• _THE PROBLEM_
Please give back each line below unchanged; none of the pictures should appear.

• _DATA EXTRACT_
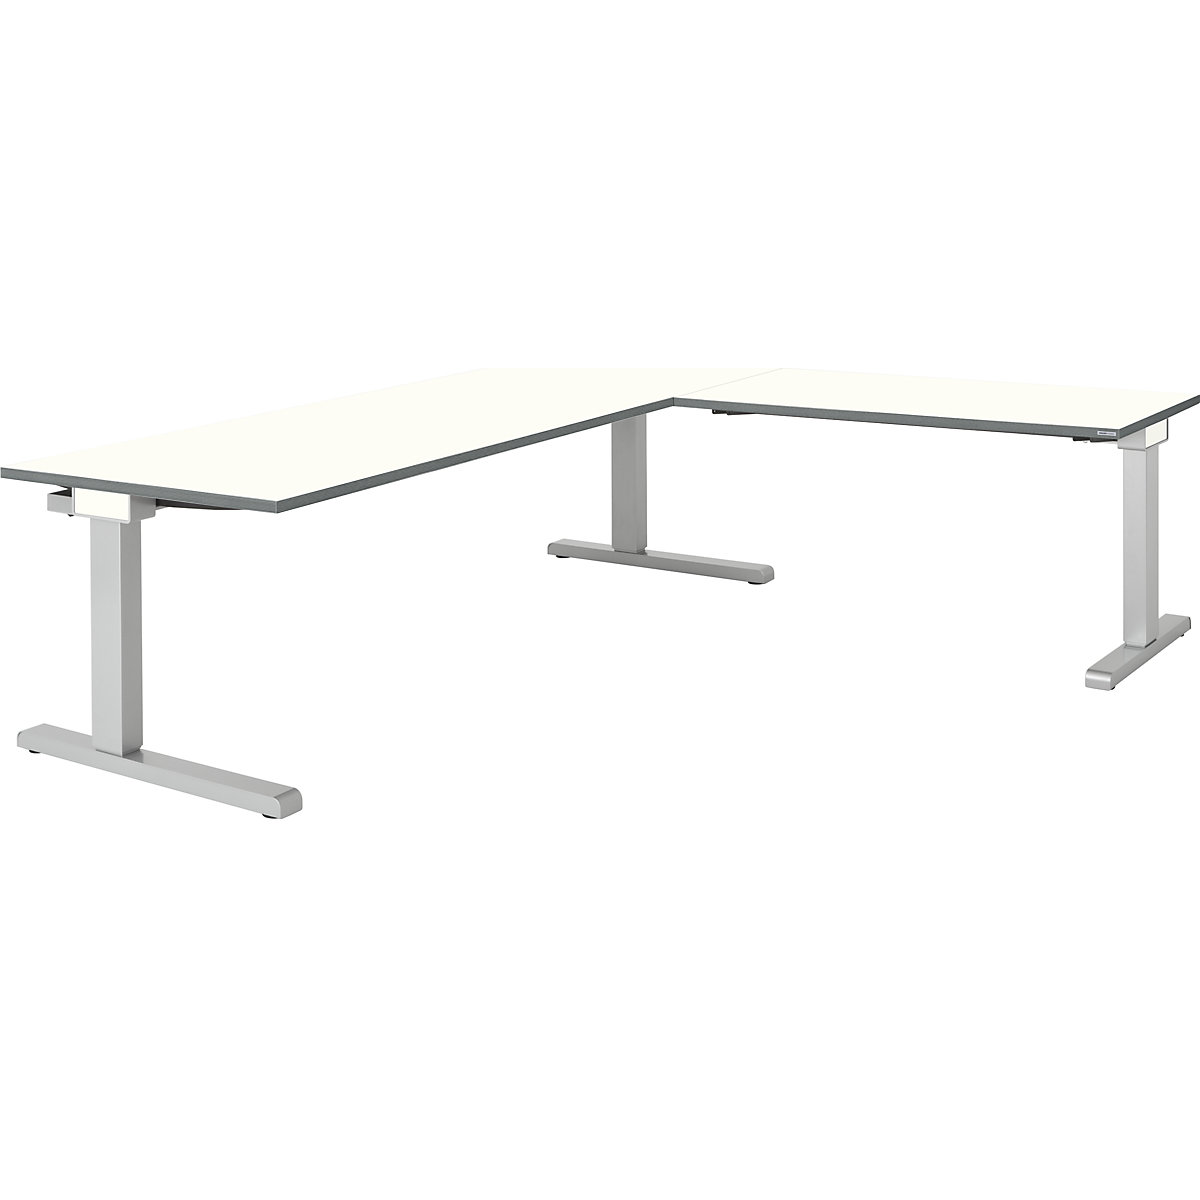 Desk, interlinked – mauser, WxD 2000 x 800 mm, angled extension on right (width 1200 mm), white top, white aluminium frame-2
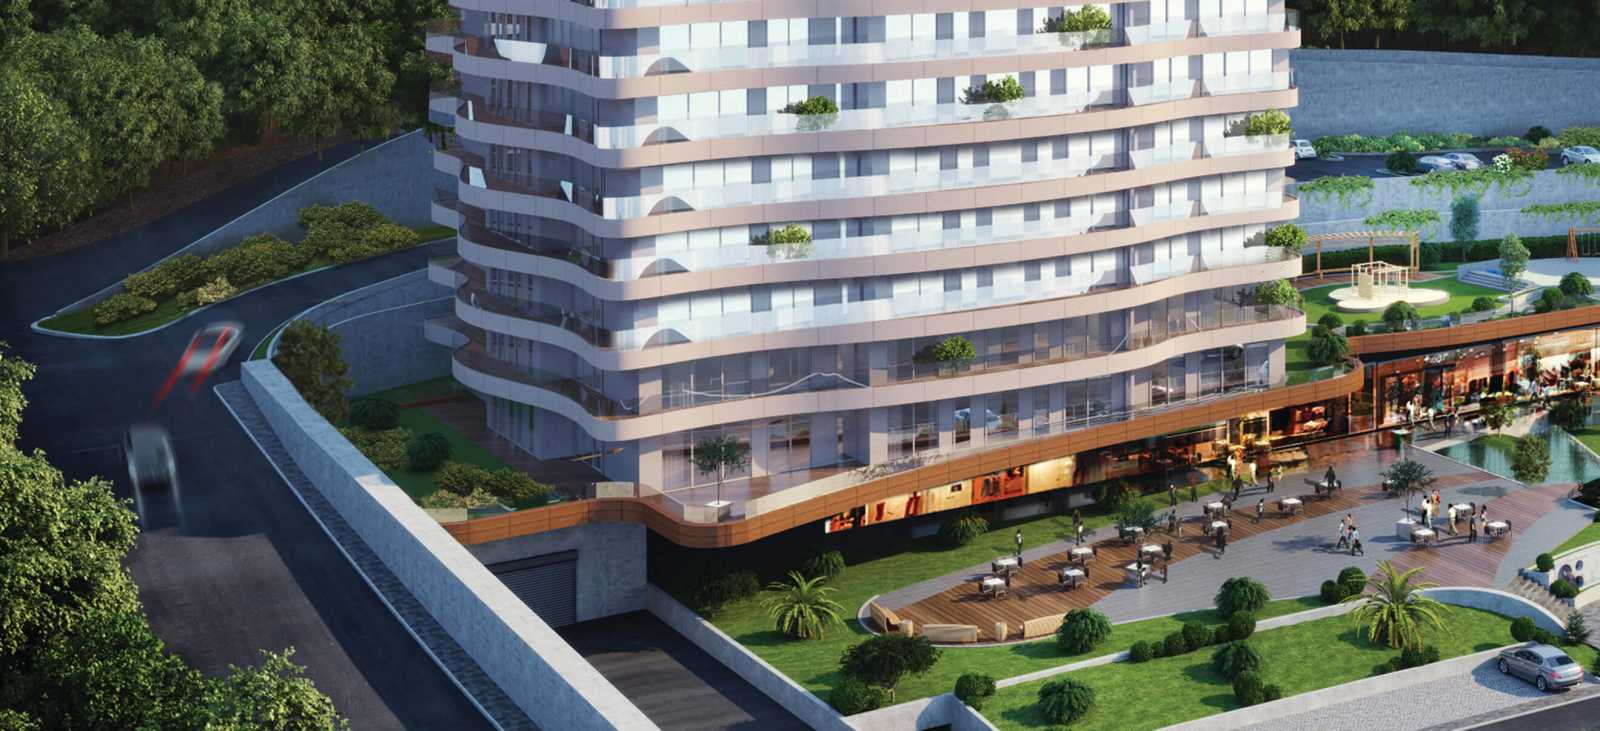 Forest View Apartments - Anatolian Istanbul - Glass balconies
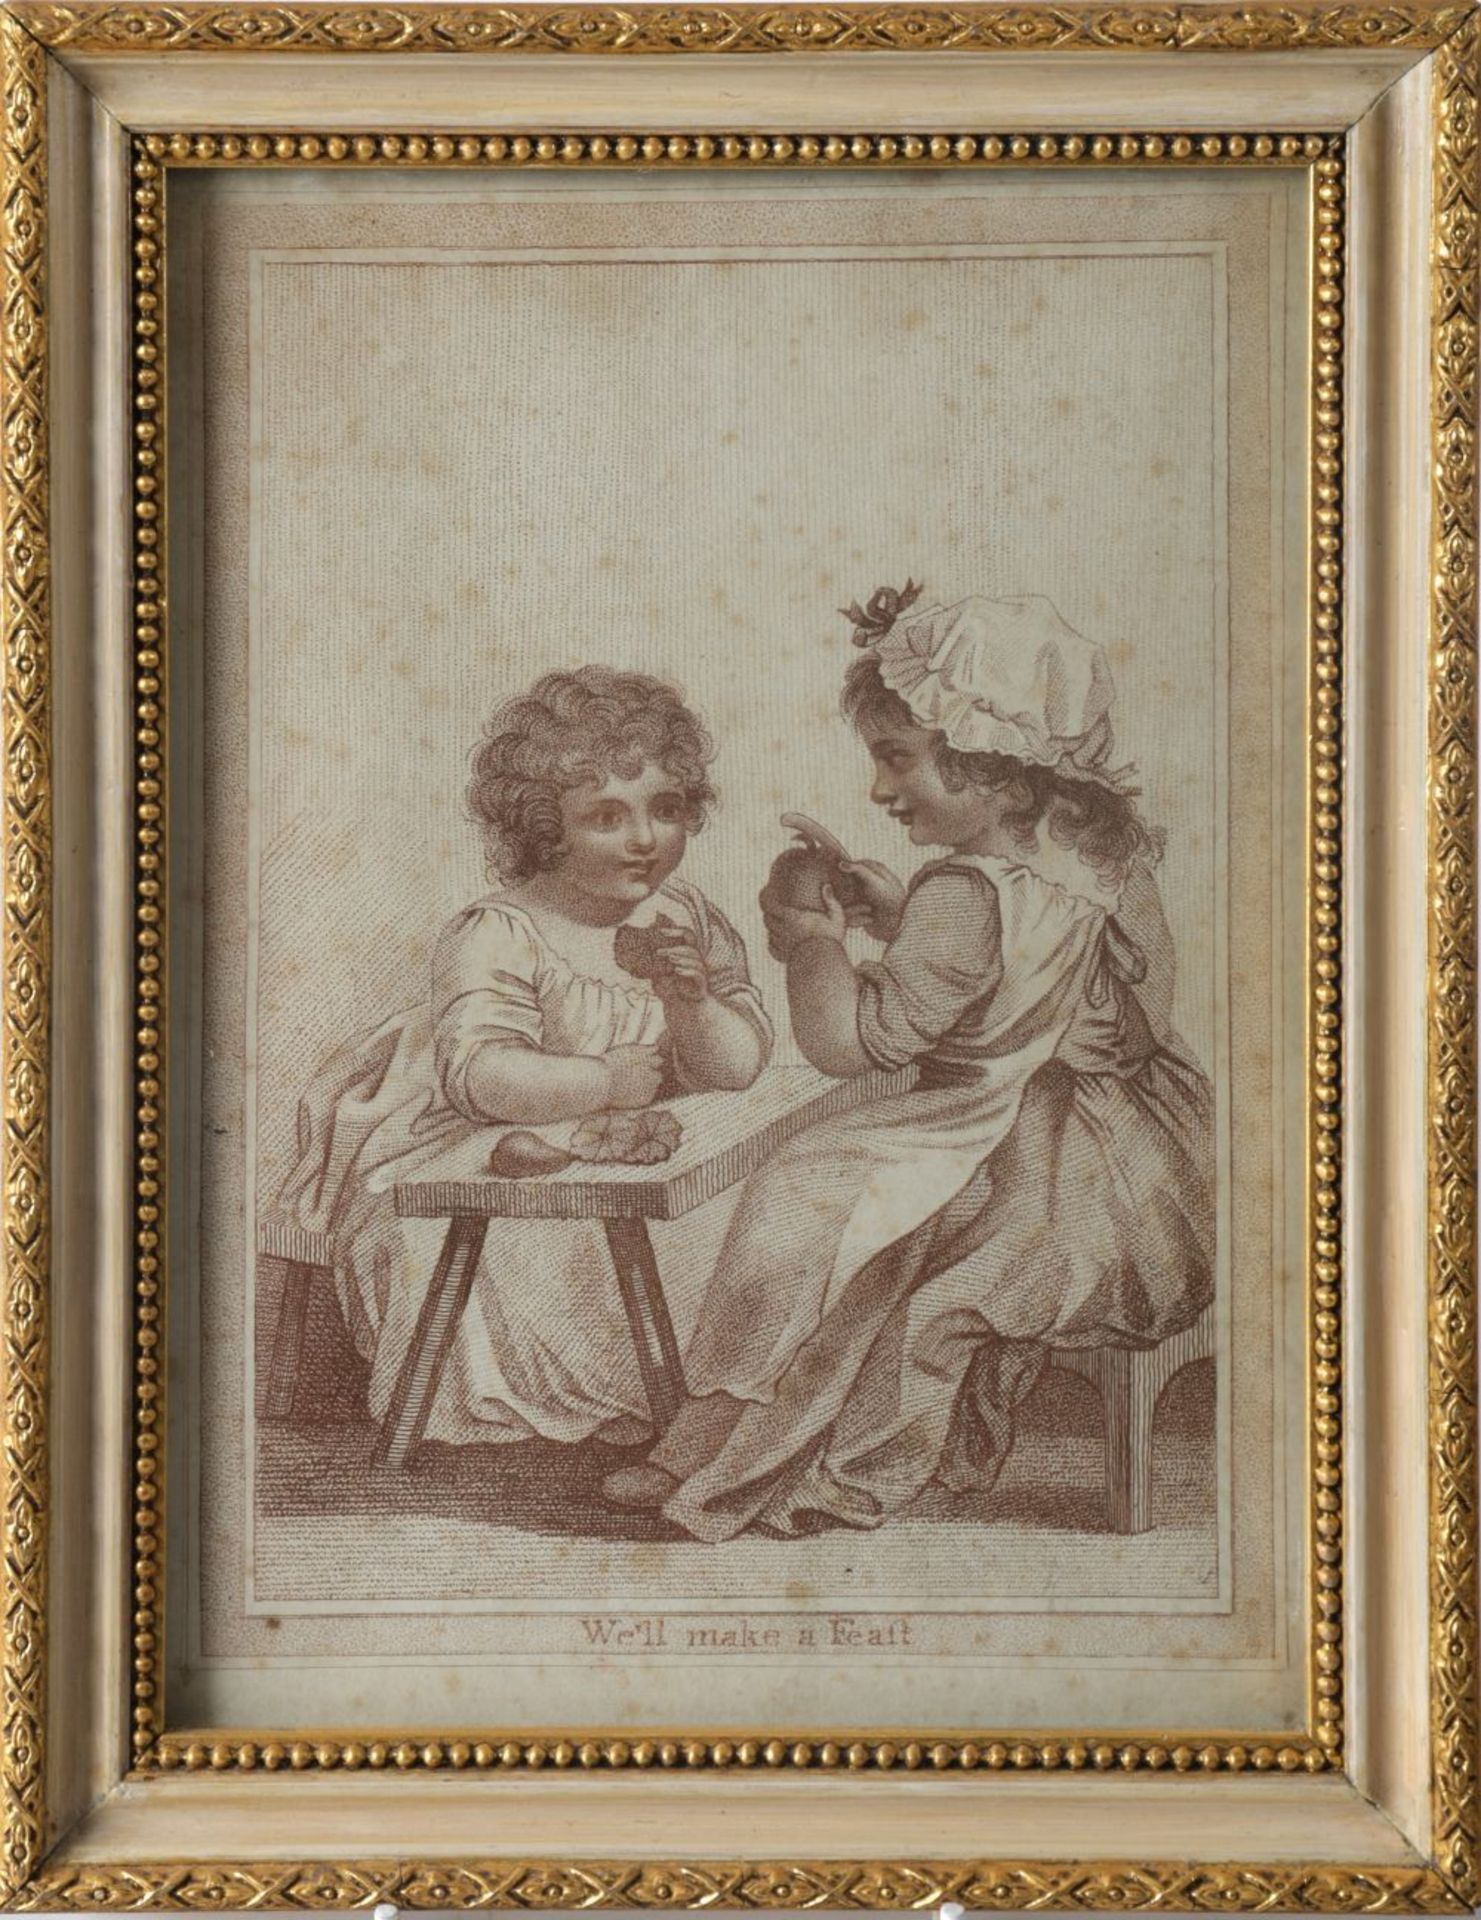 SET OF 4 18TH-CENTURY PATRICK MAGUIRE ENGRAVINGS - Image 3 of 4

• _OUTPUT FOR THIS EXERCISE_
 Desk, interlinked – mauser, WxD 2000 x 800 mm, angled extension on right (width 1200 mm), white top, white aluminium frame-2
 Forest View Apartments - Anatolian Istanbul - Glass balconies
 SET OF 4 18TH-CENTURY PATRICK MAGUIRE ENGRAVINGS - Image 3 of 4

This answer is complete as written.